The heading makes this case sound boring, but it is important.
This case is authority for the proposition that HM Revenue and Customs is entitled to charge an employer full tax and NI under the PAYE regulations, where the parties have wrongly viewed the employee as self-employed, without giving credit for the tax and national insurance already paid directly by the 'employee'.
Mr Bone and his employer genuine believed he was self-employed. For some ten years, he sent invoices and was paid gross. He completed annual accounts and paid his own tax.

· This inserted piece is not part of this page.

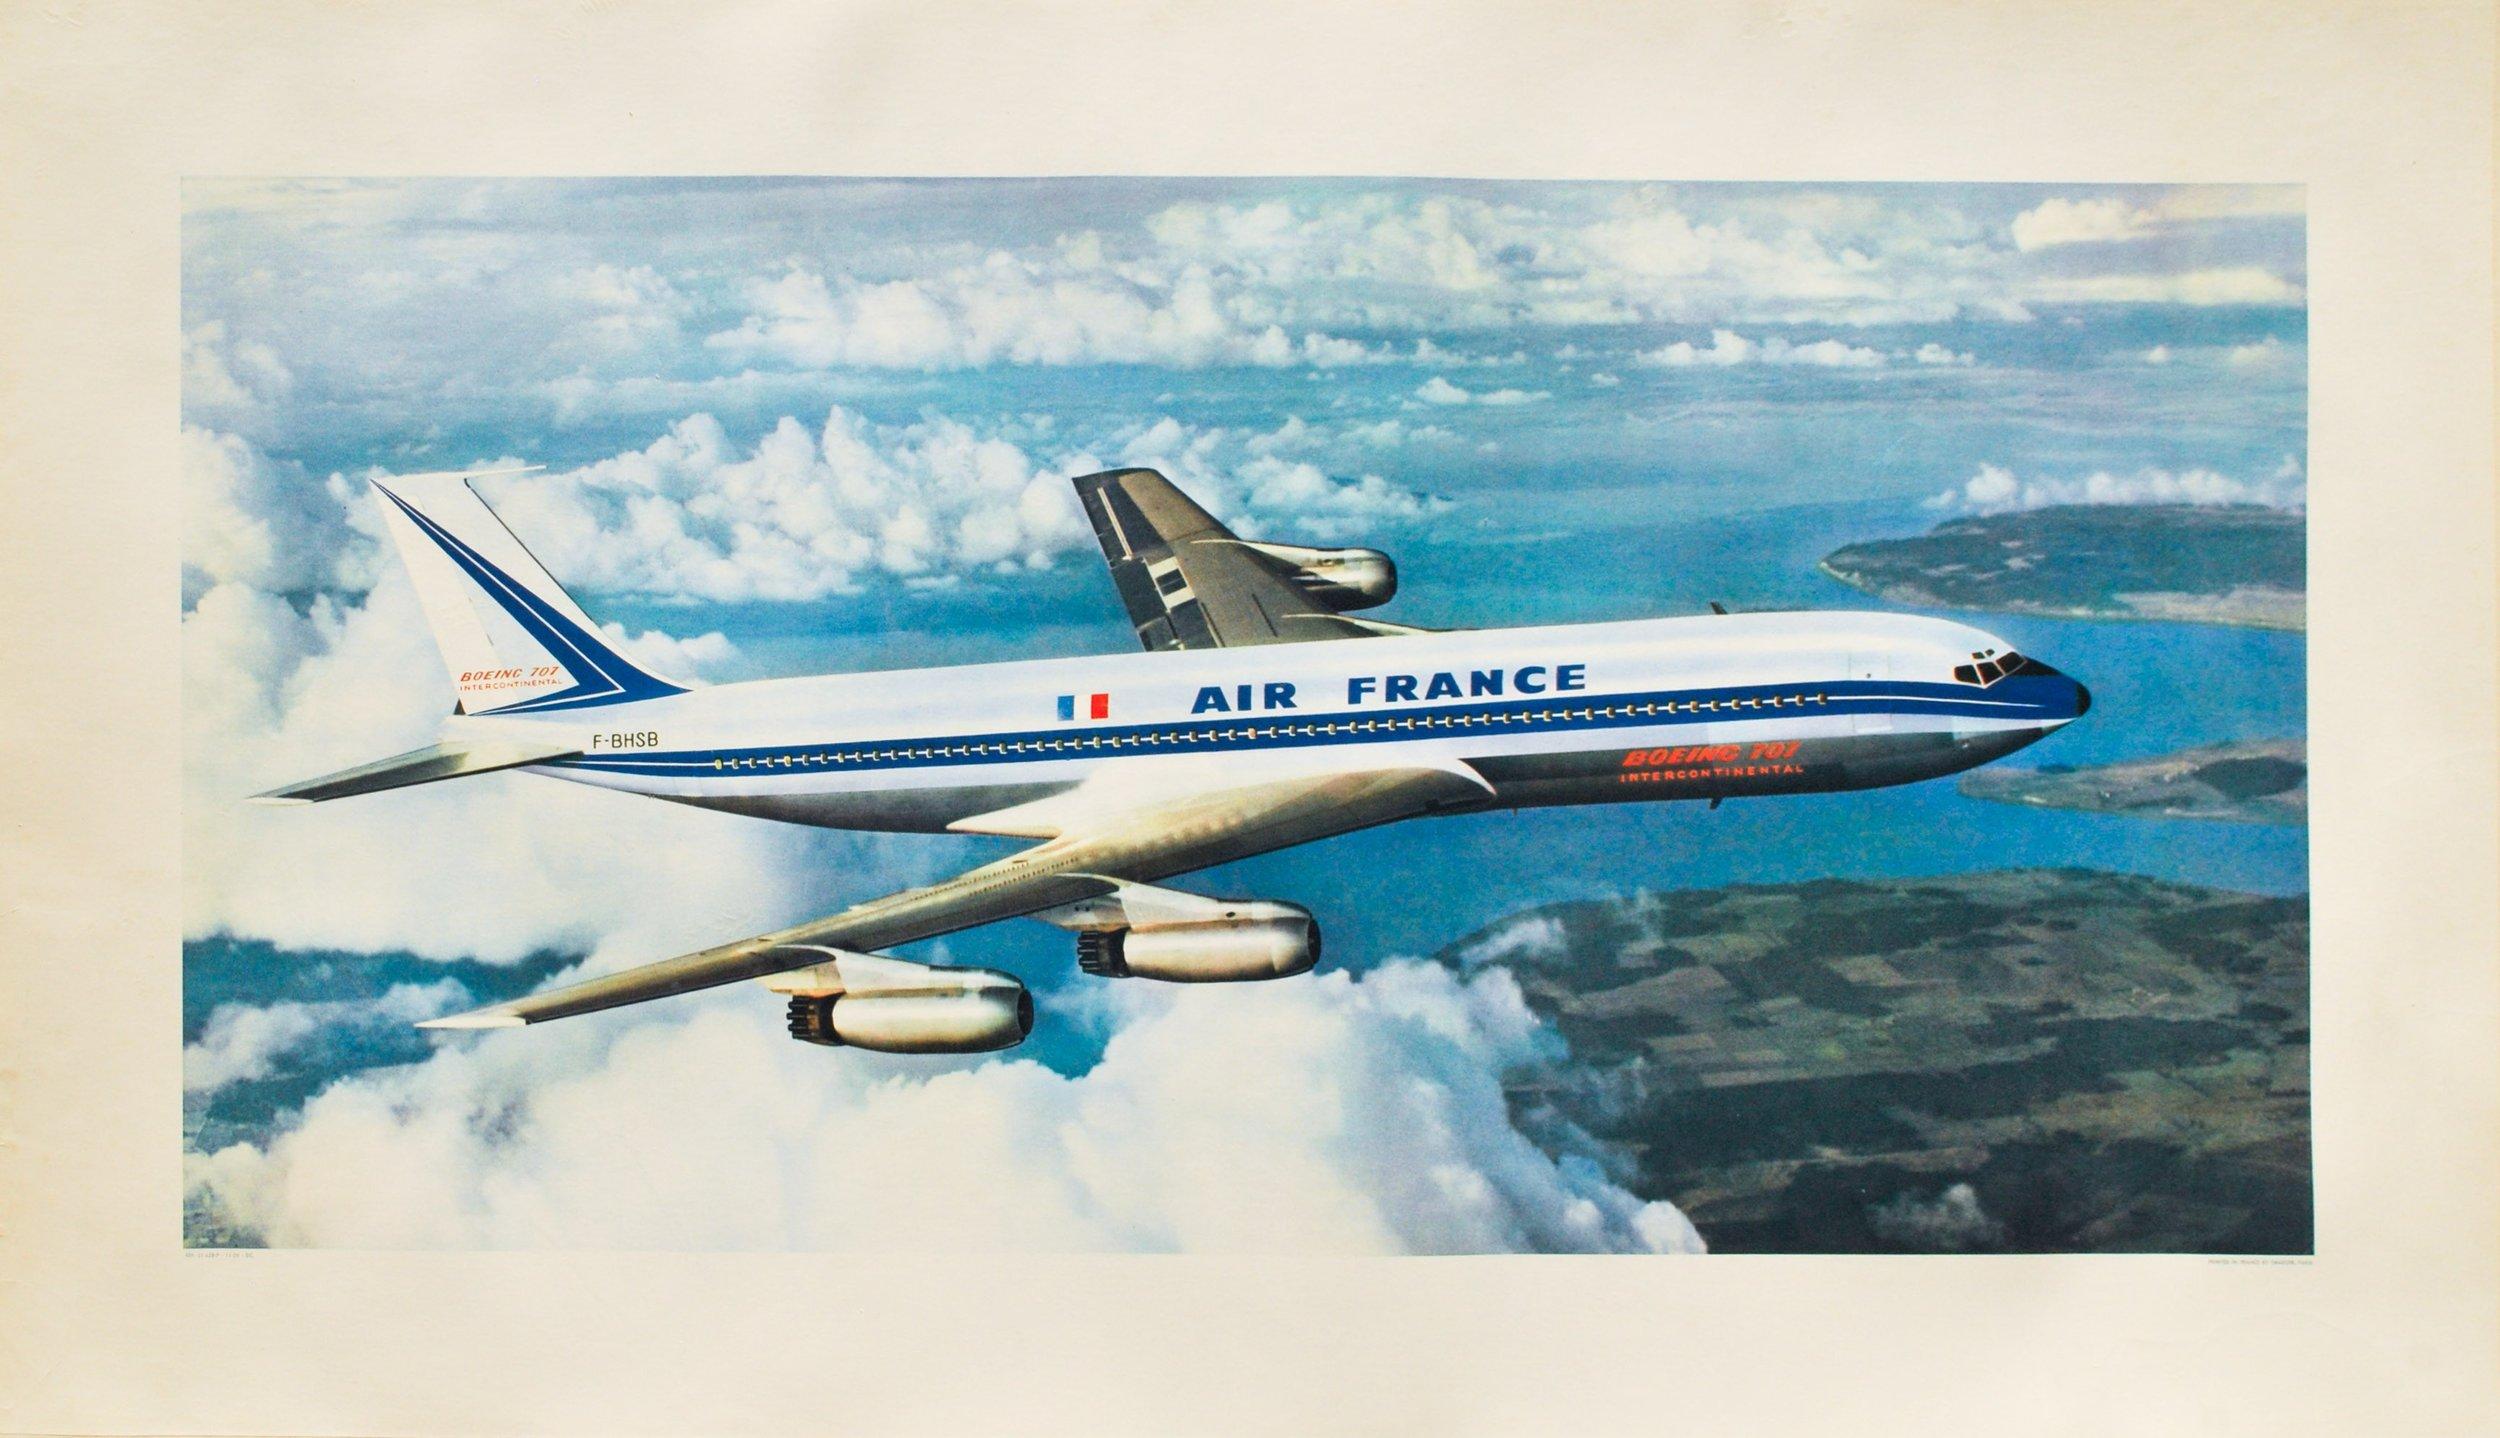 Vintage Airline travel posters Vintage cookbooks00030.jpg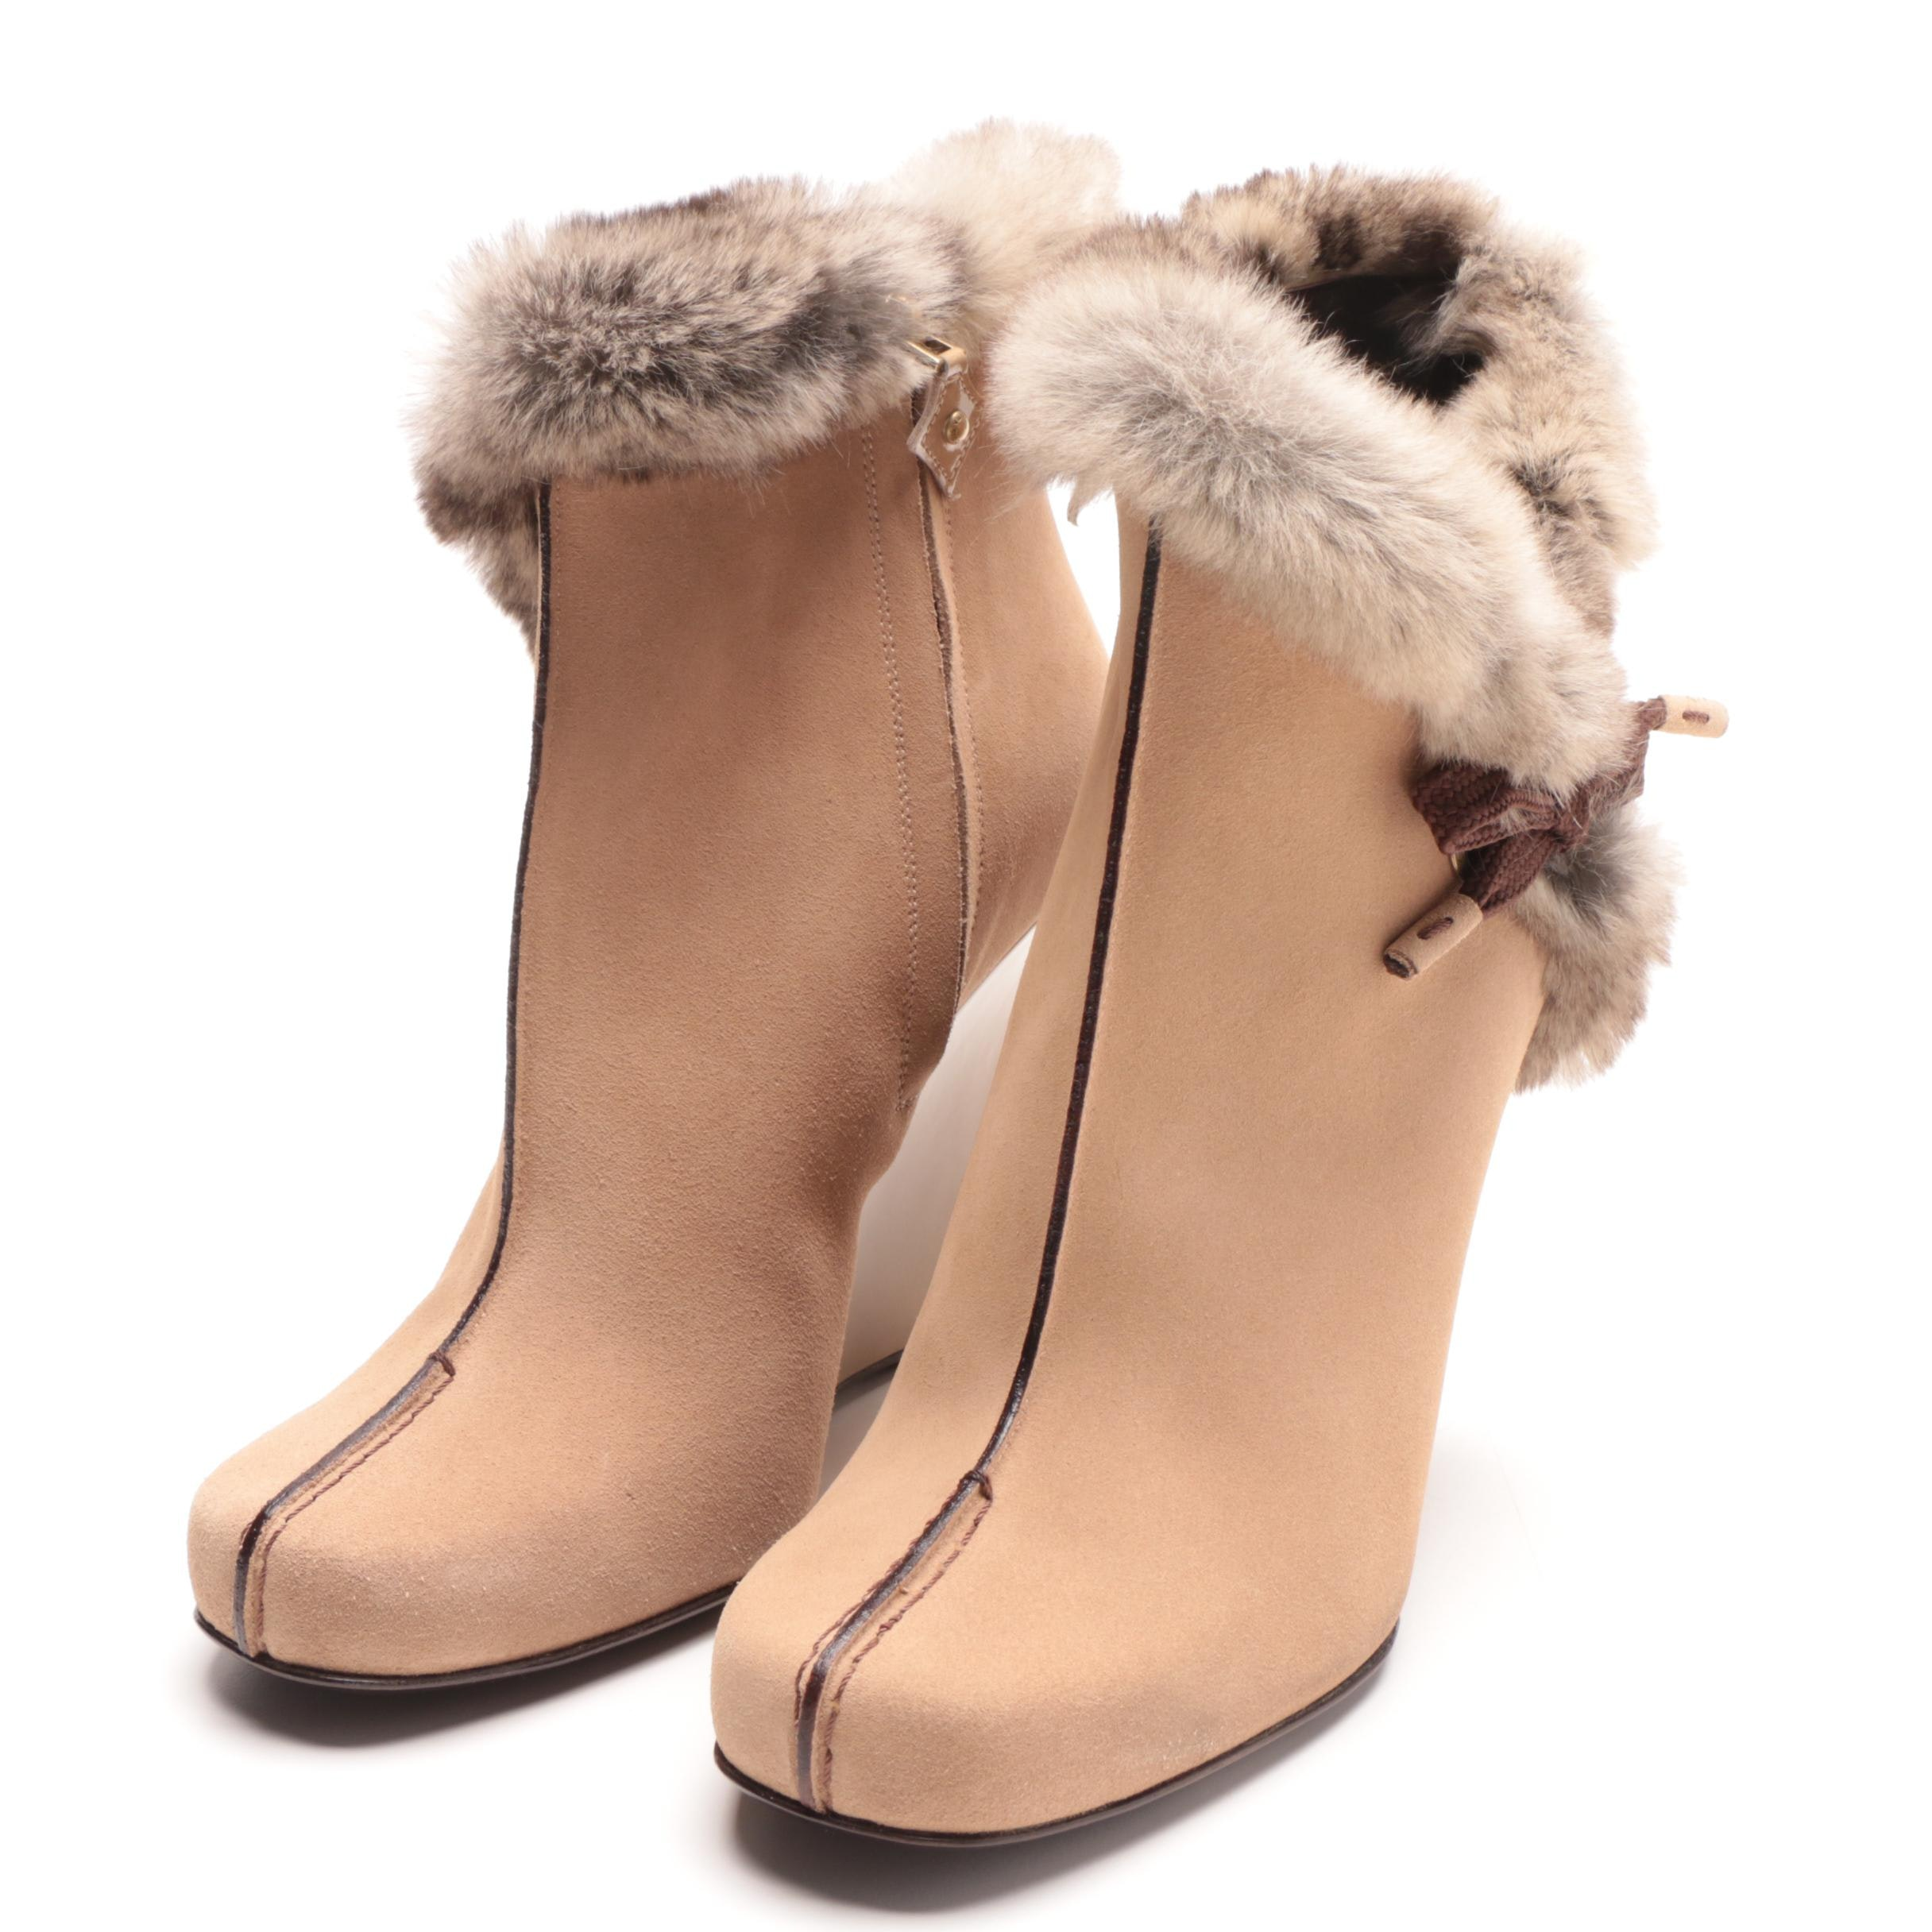 Louis Vuitton Tan Suede Fur Trimmed Wedge Booties

The Inland Revenue (as it was then called) then decided that he was employee rather than self-employed, an assessment with which the Special Commissioner agreed. Following a failure by the employer to agree back-tax, the Revenue levied a tax determination for the full amount of tax, without giving credit for the tax which the individual had been paying each year.
The Special Commissioner upheld this approach. He suggested that the Revenue negotiate an appropriate settlement to give credit for the tax already paid, but he had no power to order such credit.
The effect of this decision is that the Revenue can recover tax twice in a situation where an individual has been paying tax (wrongly) as a self-employed person. Often the individual will be able to recover his own payments of tax in subsequent years; however (as here), sometimes the payments date back too far and the employee will have lost the right to claim back previous overpayments.